Nothing to See Here by Kevin Wilson
Nothing to See Here by Kevin Wilson also pairs two young women in their twenties who have a faux-sisterly bond, “something weirder” than friendship. Lillian, the only child narrator, earned a scholarship to a fancy prep school her single mother never could have afforded. Her roommate Madison, heir to a department store fortune and only daughter in a family of four boys, gets caught with drugs. Madison’s father swoops in to offer Lillian’s mother money if Lillian takes the fall for Madison. Lillian cops to the drugs and gets expelled.
Lillian has remarkably low expectations of her loved ones, so she doesn’t take her mother’s, or Madison’s, betrayal personally. Lillian and Madison have stayed in touch through the years, as Lillian landed unceremoniously back in her mother’s attic, working two low-paying jobs, while Madison married a wealthy senator with presidential ambitions and a grand estate. Improbably, Madison now requires Lillian again, this time to help address a unique situation: Madison needs a nanny for her stepchildren, who burst into flames whenever they are angered. This trait is incompatible with her husband’s goal of higher office. Voters like their elected officials to have a normal, non-incendiary family. Will Lillian put aside her own best interest to help Madison? The novel includes an exquisite scene of one-on-one basketball, where years of resentment get worked out on the court.
Mexican Gothic by Silvia Moreno-Garcia
Mexican Gothic by Silvia Moreno-Garcia is, as the title suggests, a contemporary Gothic novel, complete with a huge yet claustrophobic house haunted by a bloody history, young women in peril, and an evil patriarch whose noxious presence seems to seep from the walls. The main characters, Catalina, an only child and orphan, and Noemí, are cousins. Catalina’s aloneness in the world has made her uniquely vulnerable to landing in bad situations. Luckily, she has Noemí on her side.
Noemí travels to the damp, dismal house of Catalina’s new husband’s family and suspects that Catalina’s ill health, originally diagnosed as tuberculosis, has a psychosomatic component. The truth is even darker and wilder. As Noemí’s own dreams grow more and more powerful, she is convinced that she must get Catalina out of the house, but the young women find it extremely difficult to depart. The house, the site of the deaths of hundreds of silver miners, holds supernatural power over its residents. Some families are impossible to escape.

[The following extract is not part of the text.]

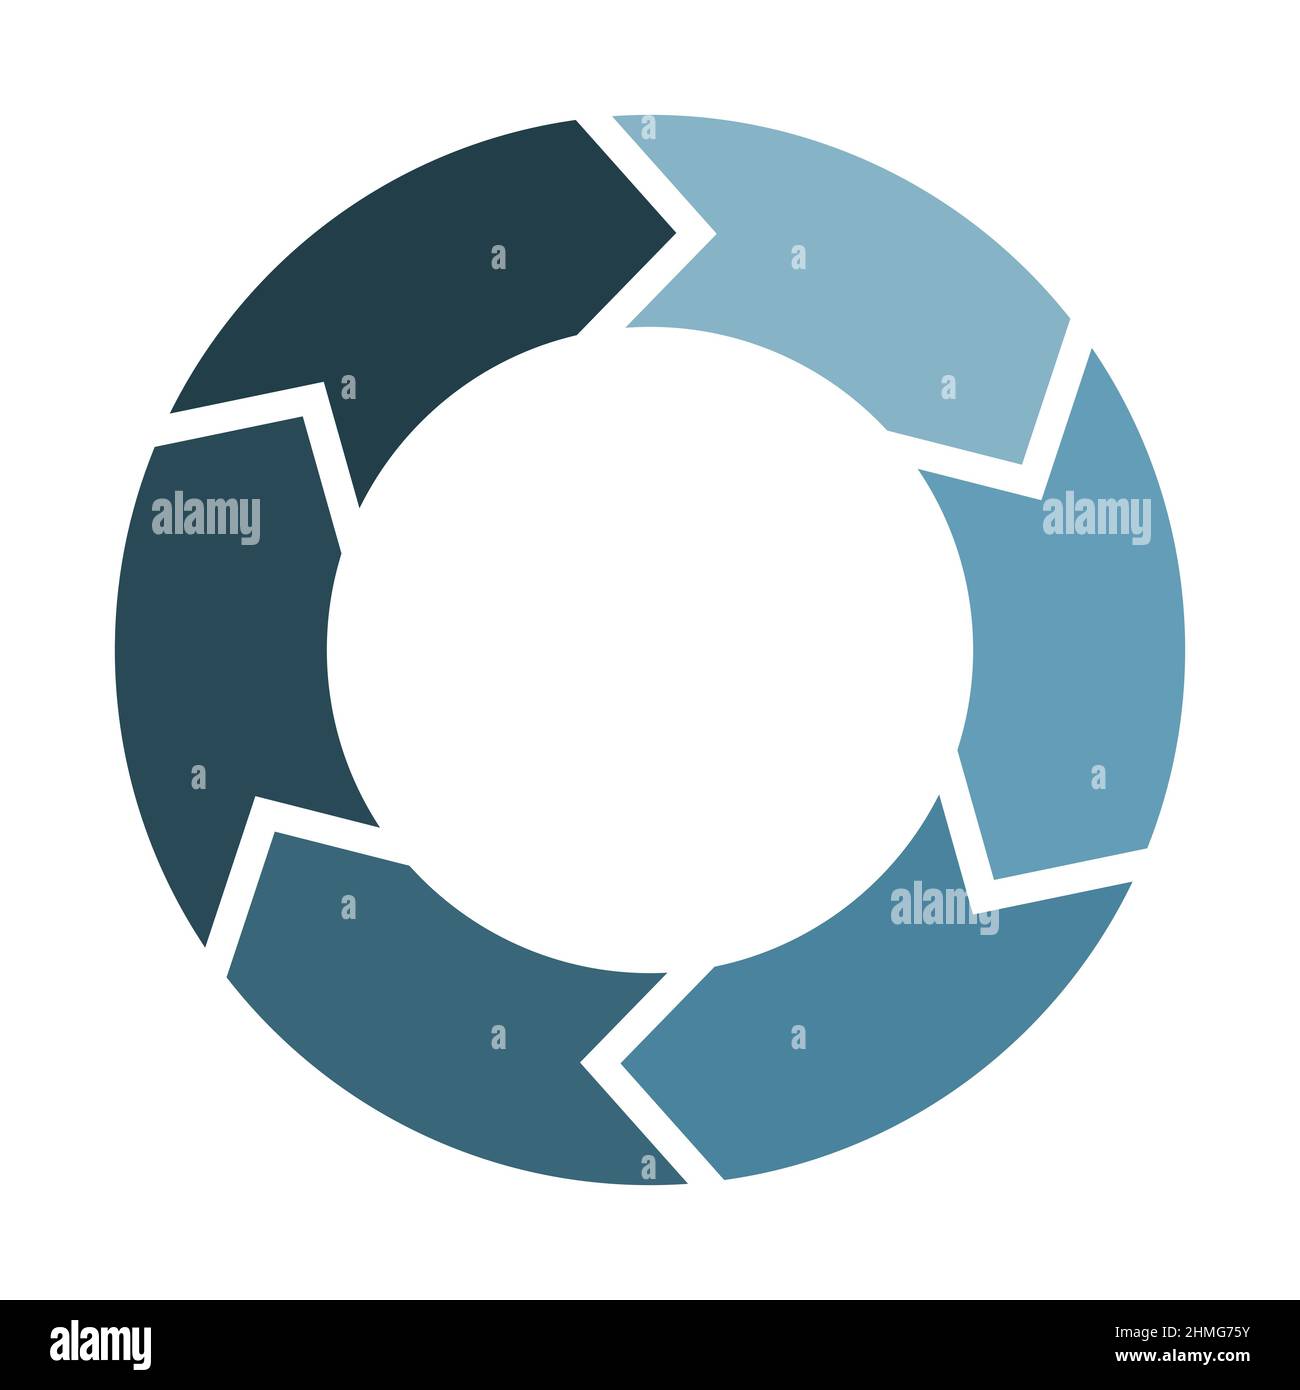 Kreis mit 6 Pfeilen erneuern und aktualisieren. Sechs Elemente bilden ein kreisförmiges Symbol. Blaue Farbe Infografik Diagramm Vektor Illustration. Stock Vektor

Depraved Indifference by Gary Indiana
Gary Indiana’s Depraved Indifference is third in a loose trilogy of true crime novels. The first two, Resentment and Three Month Fever, follow the parricidal Menendez brothers and Andrew Cunanan, killer of Gianni Versace, respectively. Depraved Indifference tracks two lesser-known miscreants, Sante and Kevin Kimes, who, fictionalized by Indiana, become Evangeline and Devin Slote.

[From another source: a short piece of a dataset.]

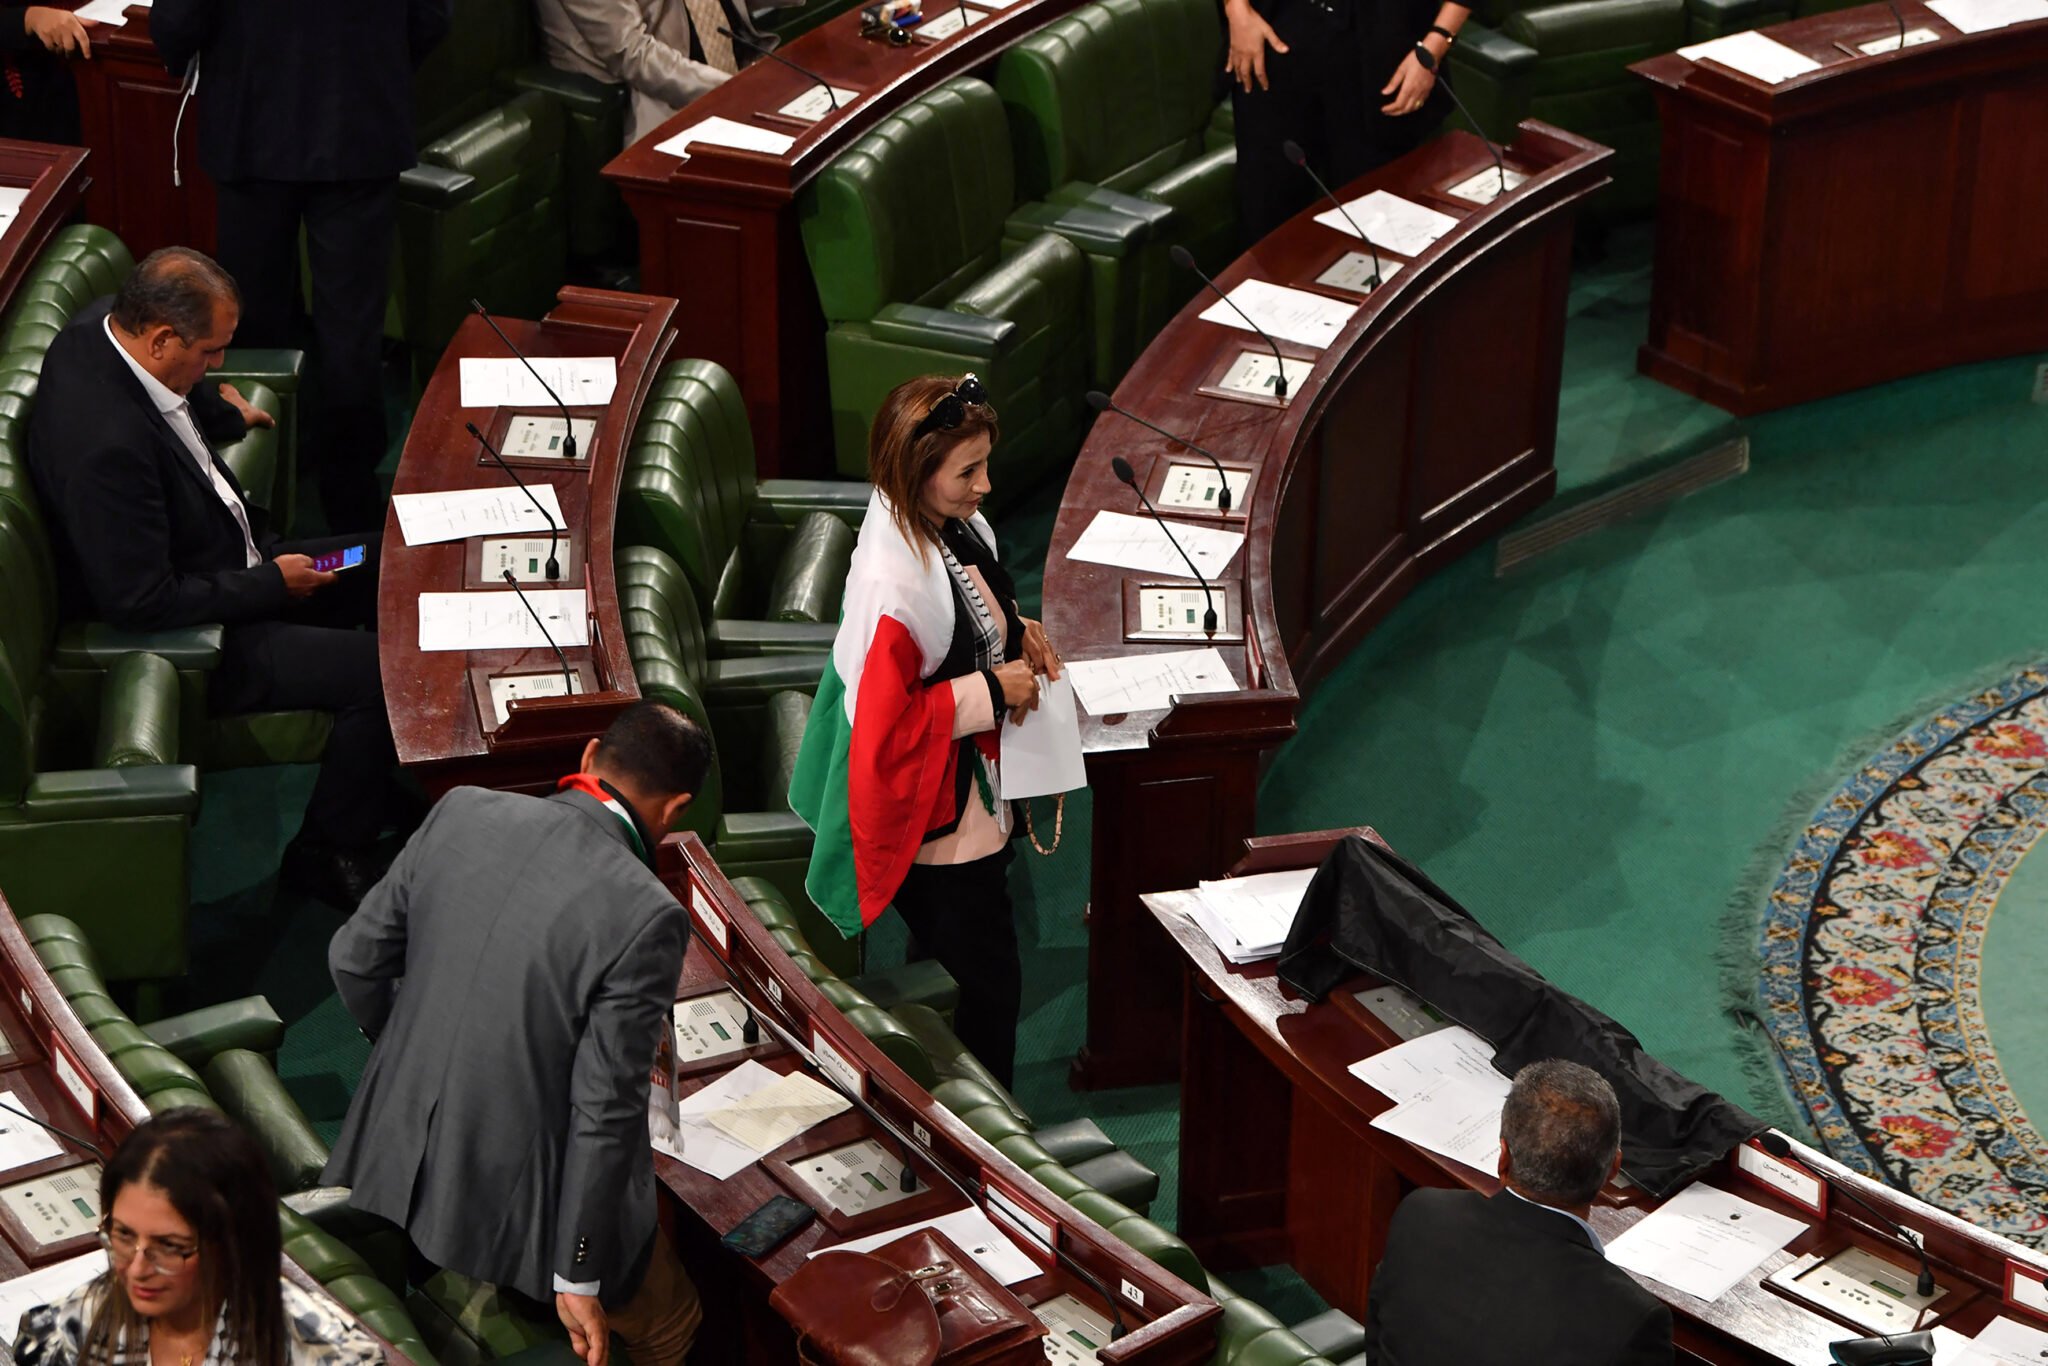 Τυνησία: Πρωτοβουλία να ψηφιστεί νομοσχέδιο που ποινικοποιεί την εξομάλυνση των σχέσεων με το Ισραήλ

If in Nothing to See Here, the only child Lillian is victim of her mother’s low expectations for her, in Depraved Indifference, Devin is his mother’s willing accomplice as she grifts her way across the country in a “circus of locomotion and calamity.” Though Devin lives without siblings, he is not technically an only child. He has a much younger brother, Darren, whom Evangeline stashes with various relatives so she can maintain her peripatetic agenda of passing bad checks, faking cancer, setting fires to collect insurance money, and abducting foreign workers to serve as unpaid servants at her homes. The bumper crop of crimes is hard to trace and prosecute, because Evangeline and Devin move so adeptly across jurisdictions. We hear little about Darren because he isn’t useful to Evangeline, and what we learn about Devin shows how lonely it is to grow up alone in the radioactive glow of a brilliant, toxic mother, and how easy it is for the son to follow in the mother’s crooked footsteps.